Federico García Lorca writes in his Play and the Theory of the Duende that the Muse is “distant and so tired that you’d think her heart half marble”. He defines it as an inspiring force that occasionally visits from an unknown that is “outside us”. The Muse “stirs the intellect”, which he says is “often poetry’s enemy”, and when “Muse poets hear voices and don’t know where they’re from” they are hearing the voice of the Muse.

If duende, the source of inspiration that Lorca sets out to champion in his essay at the expense of the Muse, is “in sum, the spirit of the earth”, a force linking body and soil through a struggle akin to death, then the Muse is a force that speaks to the head and inspires art that is, in the words’ most negative senses, cerebral and high-minded.

Lorca creates an image of the Muse poet as a lofty scholar who lives in marble halls of thoughts and who is so removed from their own body that death is not a real life concern. The Muse poet will naturally hear the Muse’s voice in their head because, for Lorca, that is where Muse poets lives out their life, removed from any real sense of life or death or duende.

It is in the head, the seat of intellect the enemy, that the Muse “dictates” to the poet and inspires a specific type of poetry: intellectual poetry. Poetry that is bookish and devoid of real feeling. Poetry that is full of ideas strangled to death with words, thoughts and other ideas. Poetry that is duendeless.

The Muse appeals to the intellect which, for Lorca, “lifts the poet into the bondage of aristocratic fineness.” The Muse brings form, that is rules and limits, rather than truly inspiring content. From its marble heart to the landscape of columns and the taste of laurel that it inspires, Lorca defines the Muse as the source of inspiration for those scholarly poets of the ivory tower.
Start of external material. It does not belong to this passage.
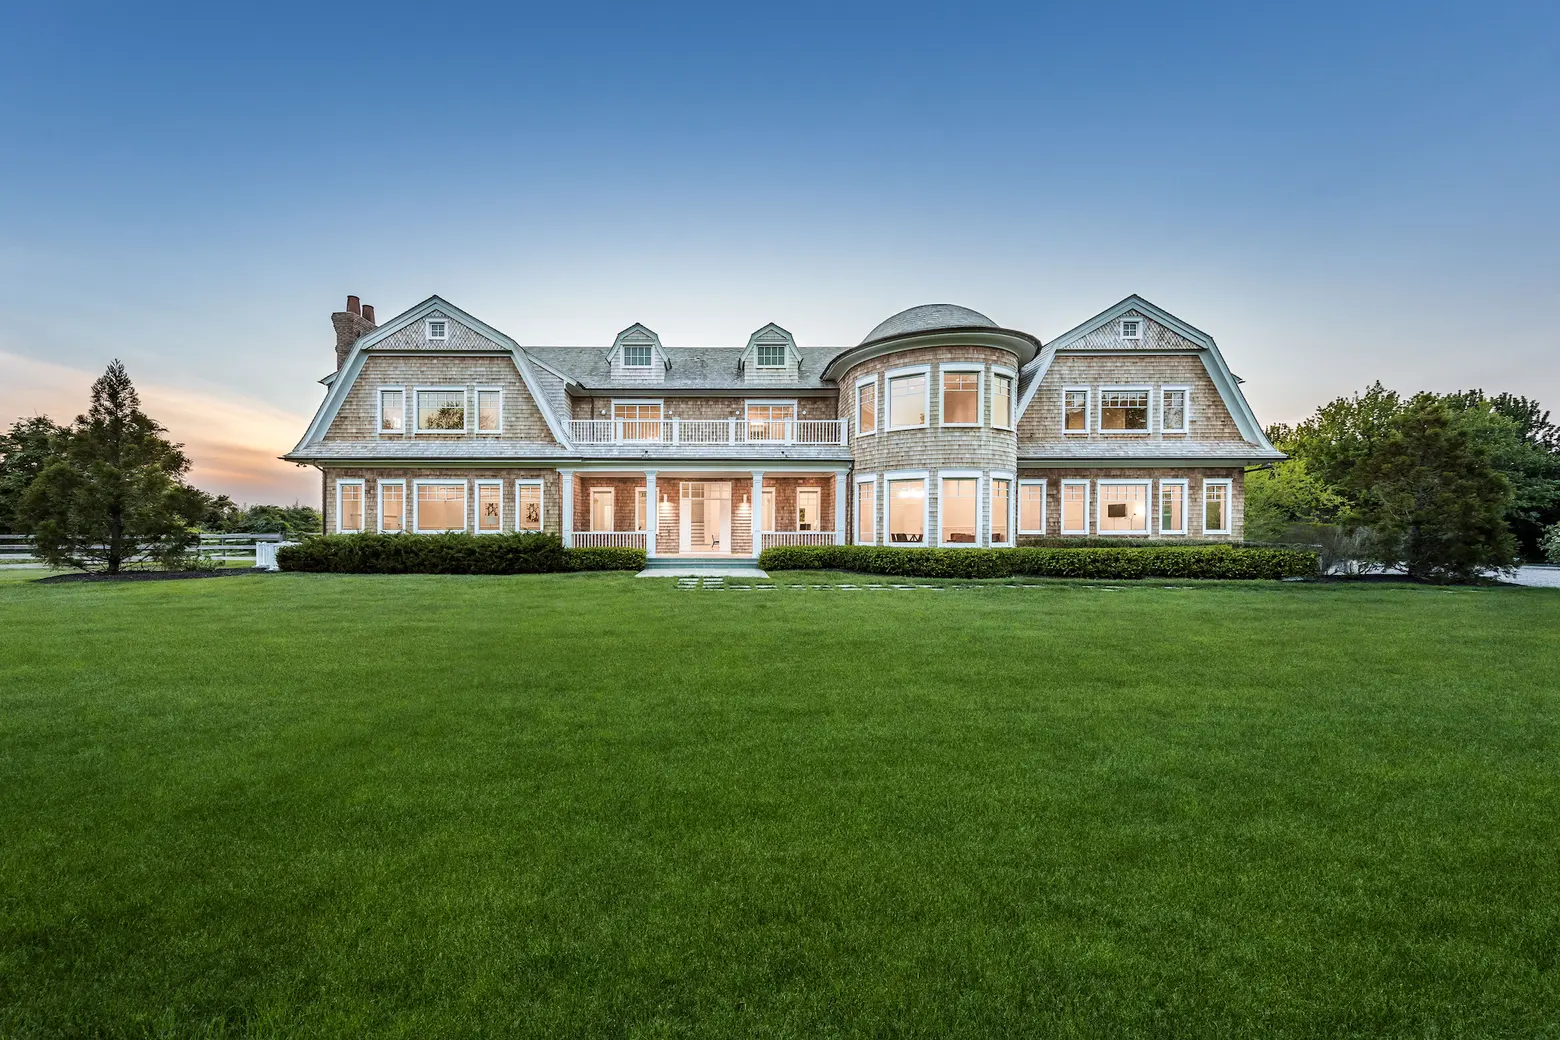 This $19M Southampton mansion has a massive indoor pool and basketball court
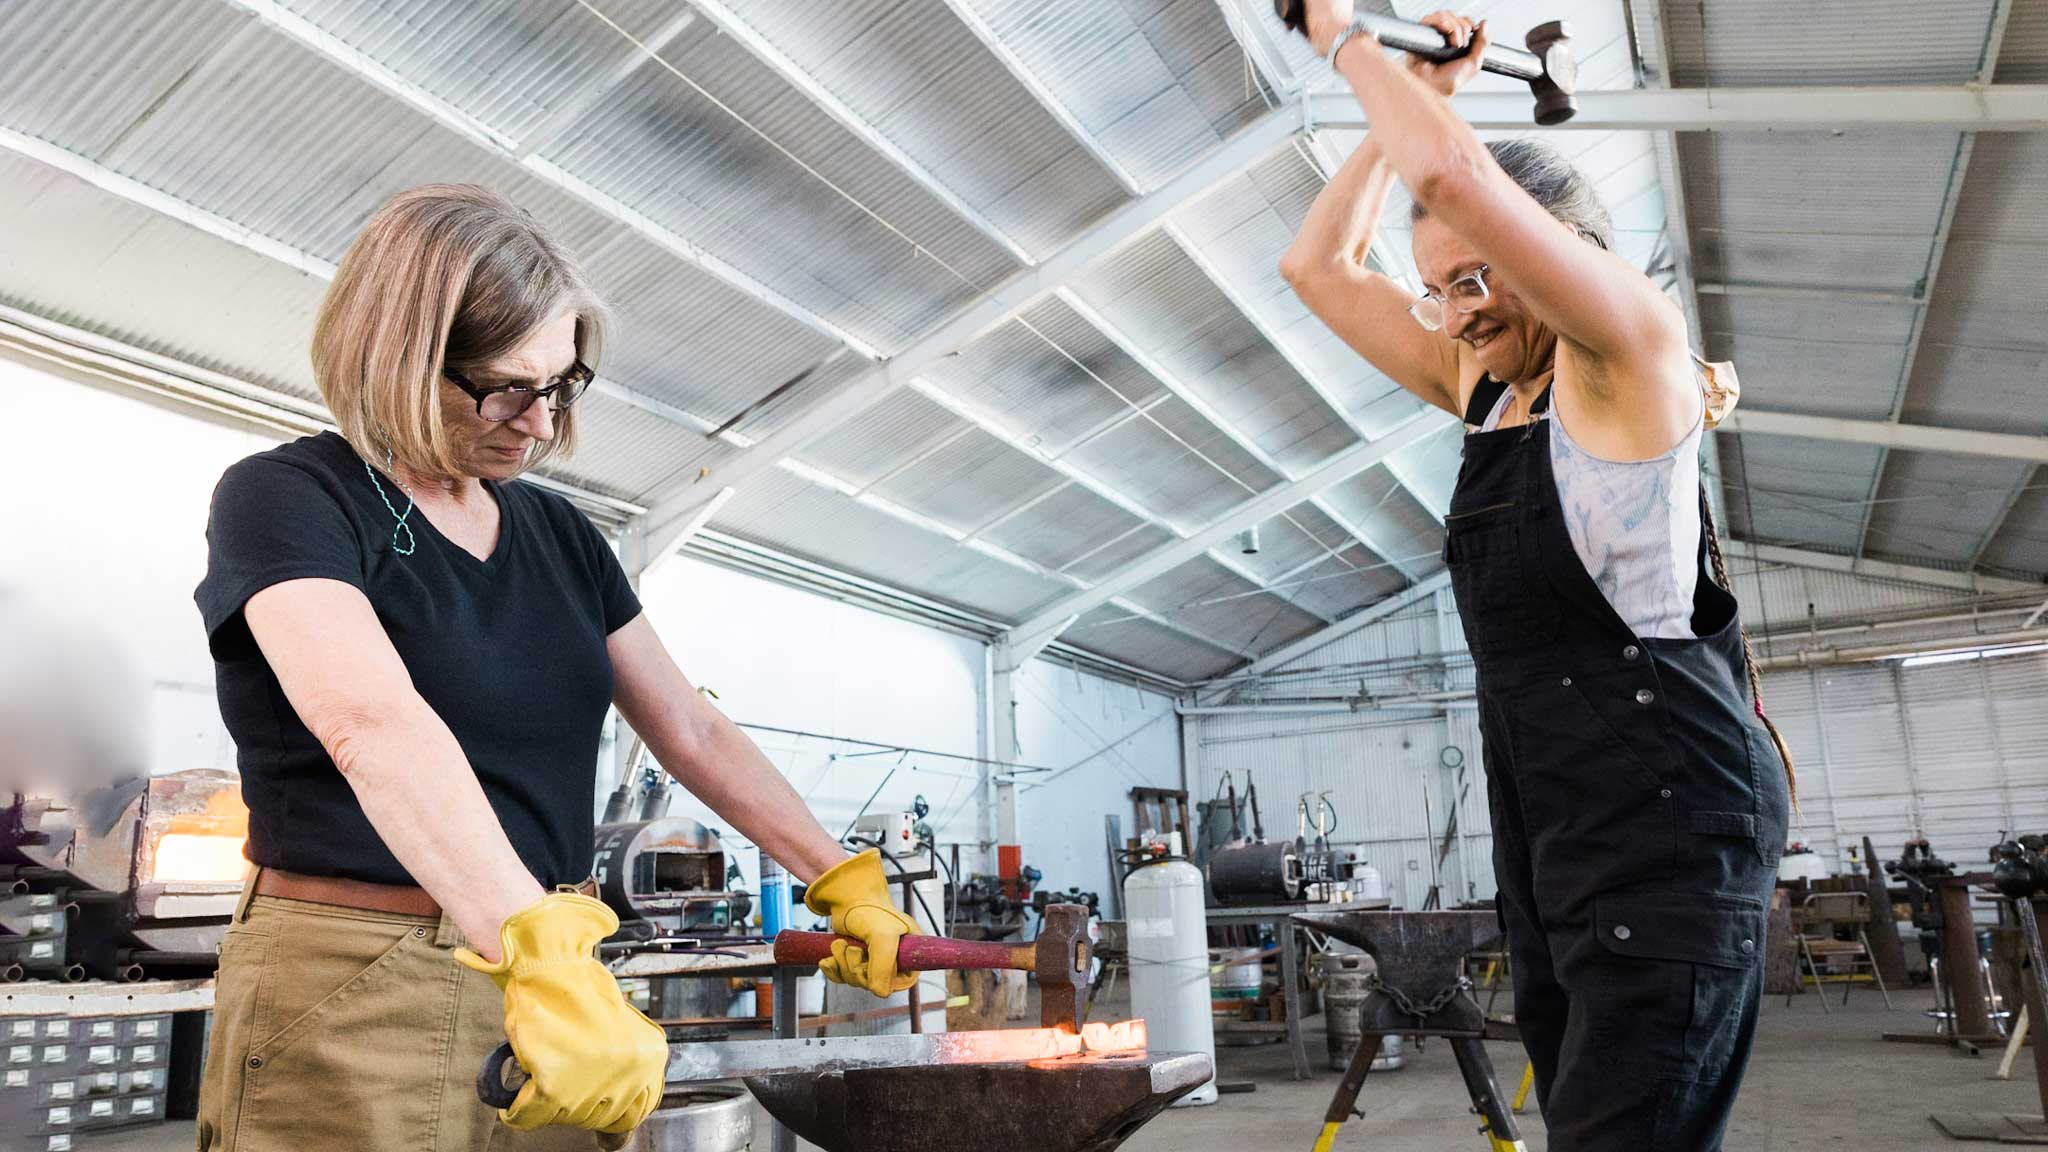 Heather McLarty and Mary Jane Verniere at Adam's Forge demonstrating blacksmithing for the Craft Video Dictionary CVD

But Lorca’s outline of the Muse is marked by a notable absence of both a term and a concept, one that he seems to be content to cover entirely by using the word “intellect” once. There is not one mention of the Mind in Lorca’s essay, though that is what he would appear to be discussing when he writes of the Muse, both in what it influences and how it appears to us.

Instead and in broad strokes, Lorca reduces the Mind to the “intellect” and dismisses it as something brutally academic and learned. He portrays the Mind as an inaccessible rarefied place, removed from the body, disconnected from both living and death. To Lorca the Mind is a luxury enjoyed by those who can afford it, a commodity to be exercised by the entitled, and the Muse is something that only affects those who enjoy that privilege. The Mind is Rimbaud’s palace at dawn and the Muse is an unknown, well-heeled intruder who infrequently runs through it screaming. But to speak of the Mind exclusively in terms of the rich, leisured and formally educated is a disservice to anyone who has one. Lorca doesn’t know what the Mind is and so he cannot know what the Muse is if, as he asserts, it exists only in the realm above the shoulders.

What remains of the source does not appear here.